Eric had been having problems all summer with his allergies. After using practically every over-the-counter medication and not having much luck, he finally buckled down and went to a doctor. He took with him a list of the medicines he had been taking, which included a nose-spray and the generic version of Claritin, called Loratadine. The doctor listened to Eric and then prescribed Claritin-A (or something like that). The doctor warned Eric that it would be a rather expensive drug, but Eric felt like he didn't have much of a choice because he was feeling so miserable so much of the time.
Off Eric went to the pharmacy where he learned that his medicine would cost him roughly $120. He did not expect it to be that expensive. When he told the pharmacist that his allergies weren't $120-per-month bad, the pharmacist said, "Well, Claritin-A is really just regular Claritin mixed with Sudafed." Both of those drugs are over-the-counter medications. The pharmacist called the doctor, had the prescription changed, and Eric went home having spent about $30.
Here are my problems:
- Eric was already on Claritin. Why would the doctor prescribe the same drug that was already not working well for him? Aren't there other drugs that are possibilities?
- What interest did the doctor have in prescribing Claritin-A? If he knew that it was rather expensive and could be replaced rather cheaply, why would he ever prescribe Claritin-A to anyone? Shouldn't his number one concern be his patients?
- Why are drug companies making drugs that already exist? Obviously, the answer behind this is money. It's clear that the drug companies wouldn't research, manufacture and market drugs unless they saw profit behind each drug. They wouldn't see profit behind such a useless drug if the doctors weren't prescribing it.
7 comments:
Don't even get me started on drug companies and their ties with doctors. I worked at a pharmacy on occasion and the stories I could tell. I have my own personal story as well with an ob-gyn that kept pushing for a procedure to a problem I was having. To make a long story short, he got mad at me because I refused the drug treatment telling him that I would prefer to live with the symptoms. At a subsequent examination he discussed with me solutions to my problem and told me (without looking at my file) that the drugs weren't an option,they wouldn't diminish the symptoms I was experiencing.
Thank goodness pharmacists are usually good to help with isuggestions for cheaper generic drugs.
Hi, I just came across your blog by accident, but this post got me interested!

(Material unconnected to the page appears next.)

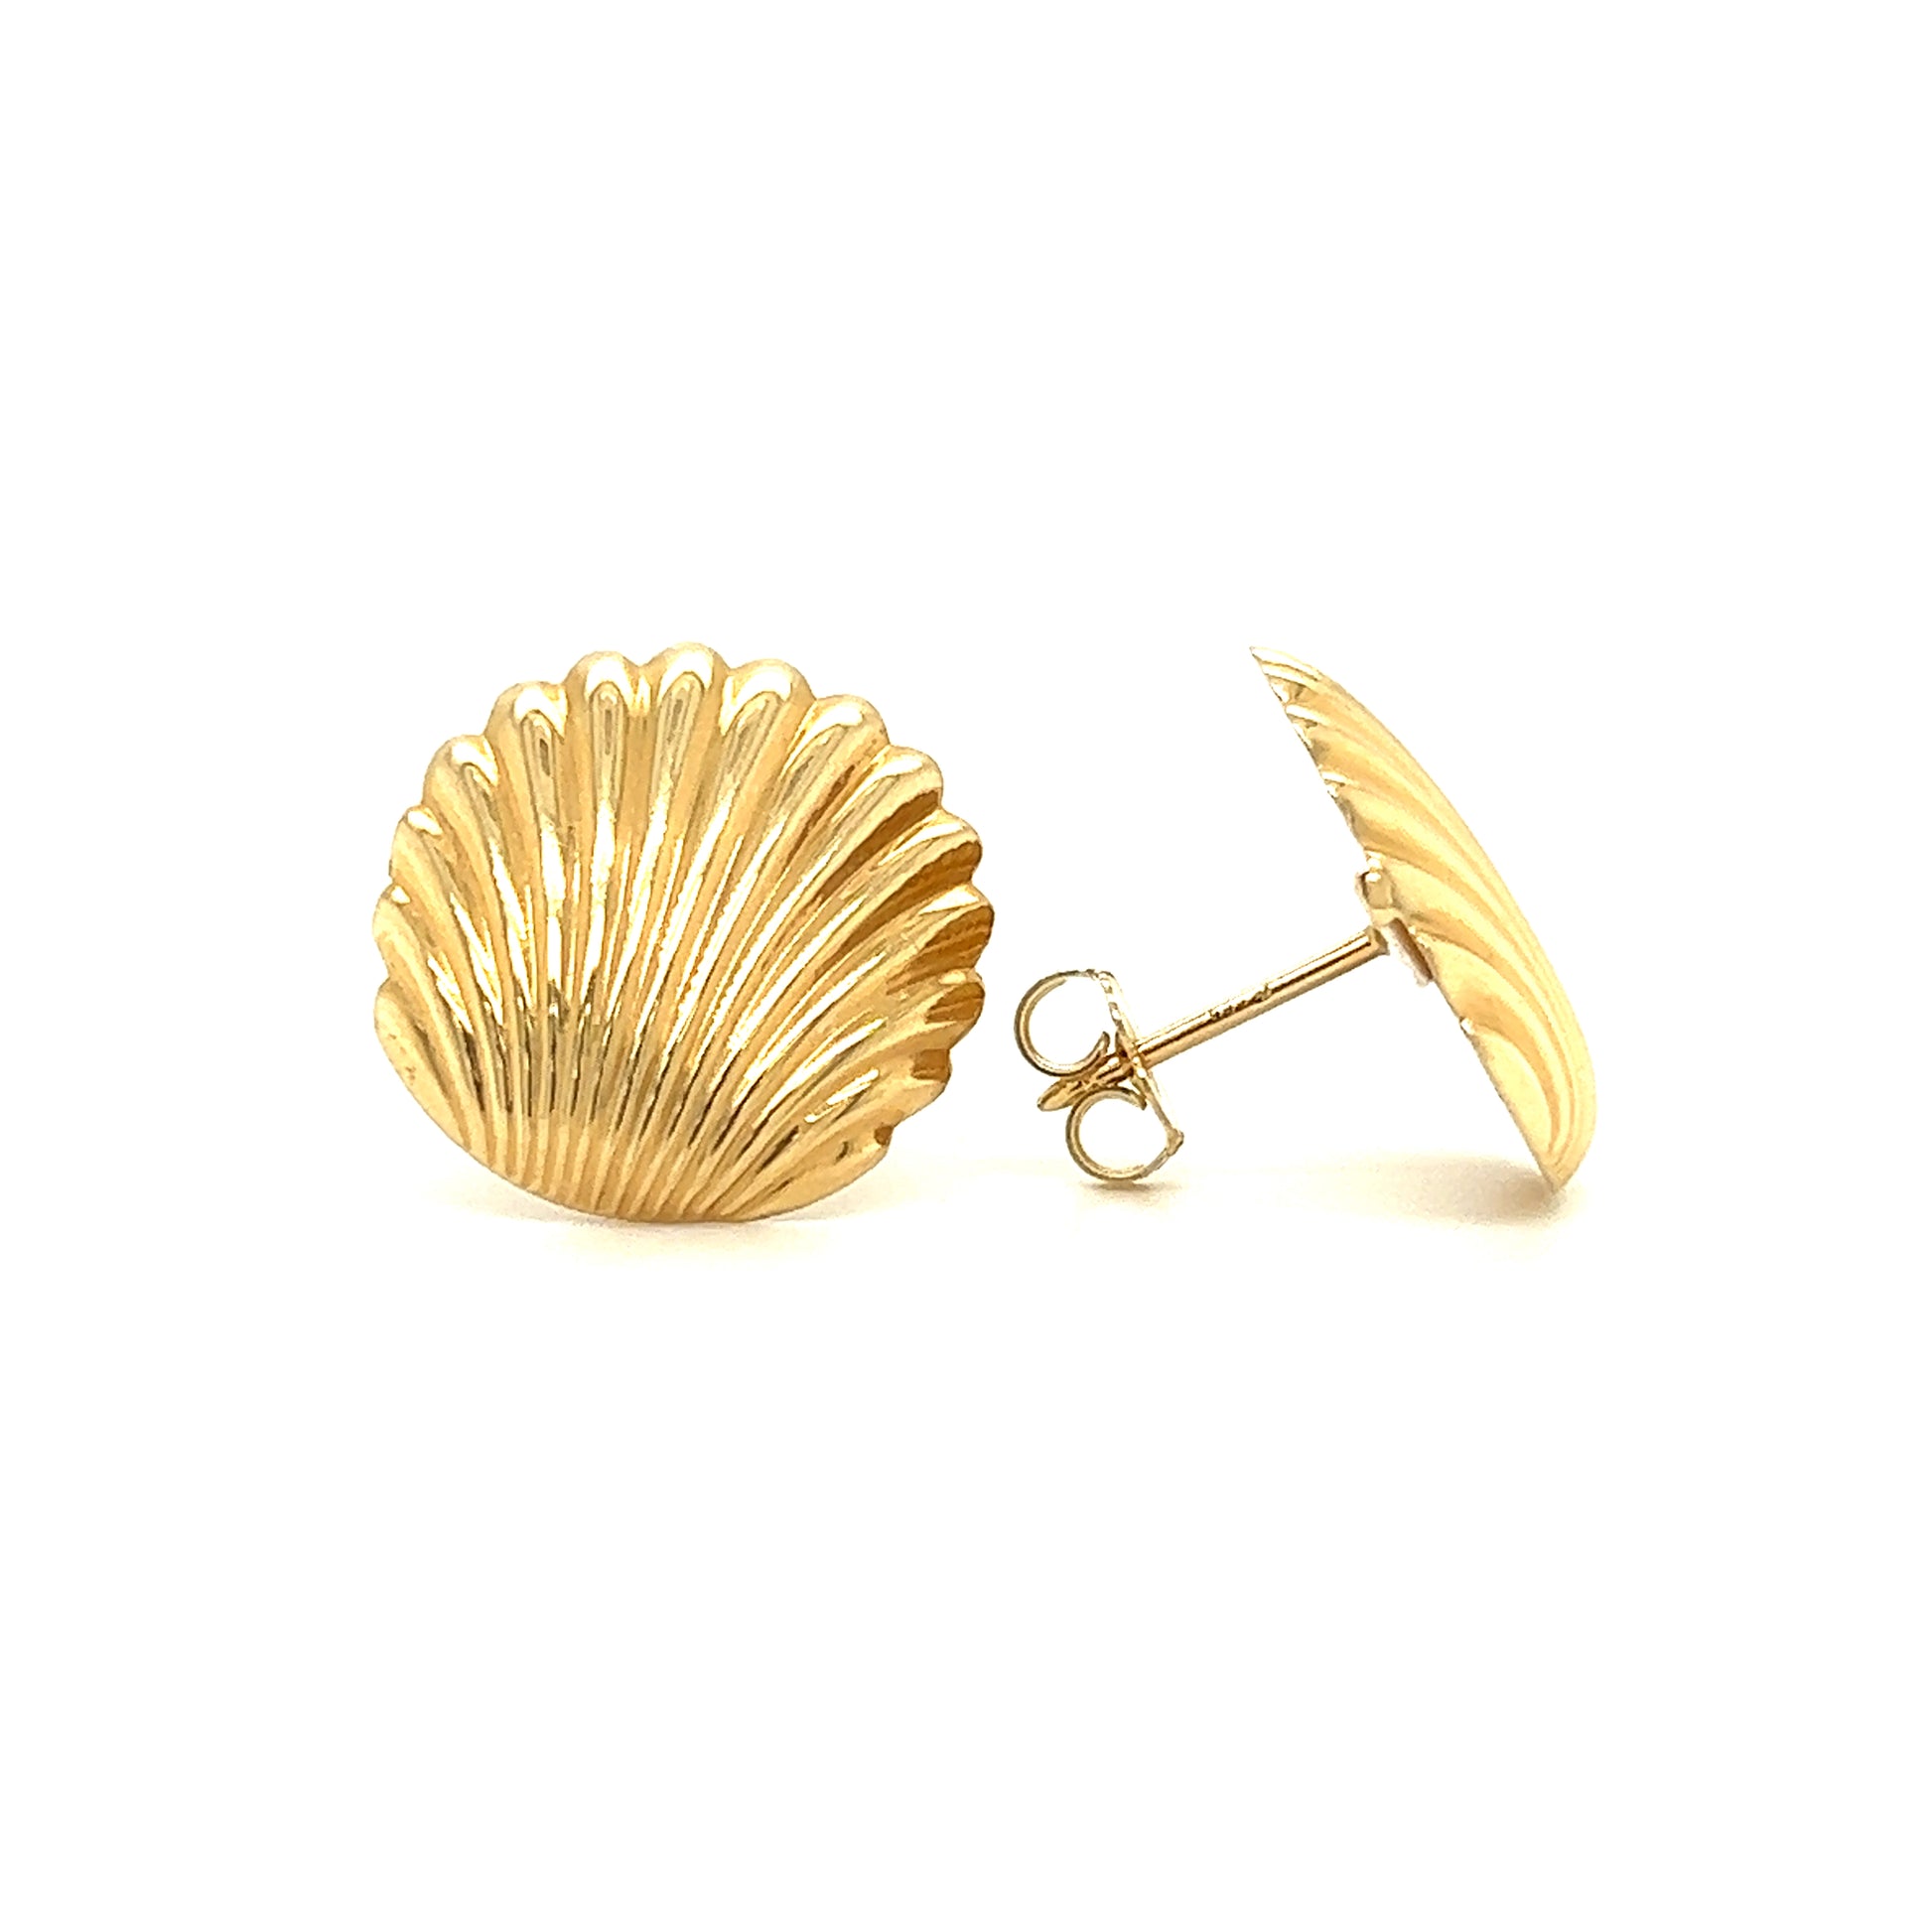 Scallop Post Earrings in 14K Yellow Gold Front and Side View

I should disclose that I'm a doctor in the UK, and there are few things I want more at the moment than for the US to get nationalised healthcare (though I don't get much of a say).
There are a few reasons why doctors prescribe drugs that are too expensive, or have already not worked, in the UK at least.
The first answer is that they are on autopilot: if someone comes to them with an allergy problem, they don't listen fully because they've solved the problem, then they prescribe what has worked most of the time. I'm sure your doctor would have known that his prescription contained loratidine if you'd asked him, but he probably just didn't have it at the forefront of his mind at that time.
The other, more insidious answer, which I imagine is even more prevalent in the US, is that drug companies spend a lot of time schmoozing up to doctors. They buy them lunches, they give them pens, they certainly used to take them on rounds of golf (I think that's been tightened up here over the last couple of years).
This constant exposure works just like any other advertising - we soon forget that the generic versions exist, even though the brand versions are identical and no more effective.
I'll leave it there in the interest of brevity, but if this is a question that interests you further, there's a great science writer here who covers similar issues: check him out at http://www.badscience.net/
Thanks for the great post,
Jim
First, Eric needs to change doctors. Second, has Eric ever had allergy tests done? If not, that is probably something he should do. It is expensive, but if he is miserable...
hey sherry,
that's really interesting to read. We have just watched Sicko from michael Moore and were really shocked :-(
Hope you and eric are doing fine!!
I miss NZ soo much...
Why doesn't Eric go to an allergy/immunology doctor? I've already been there and done this and the specialist really heard me out and listened to all of my meds and prescribed accordingly.
Do you think that if more people were told it will be X amount of exorbitant dollars for Y treatment (drugs, specific dr. visit, etc.) that people would "spend" more wisely? Try to find something that costs less or try other things that cost less first?
I think the whole cost factor applies to this post and is something I'm dealing with as I am trying to get my birthing center birth covered at an in network rate. They only cover hospitals in my network. It costs the insurance company MUCH less than a hospital birth, but they don't want to give me an in network exception.
Jon's mom has also mentioned that if given the option to control something with diet or medication, take the diet route and leave the medication as a last resort.
I think society has become to reliant on the fast/easy fix as opposed to taking charge of improving their health and trying to avoid medication. (yes, I recognize that many times medication IS the answer and there is not an alternative).
Perfectly described. Couldn't agree more!! so glad Eric found a pharmacist he could talk to, and dared to voice his objection.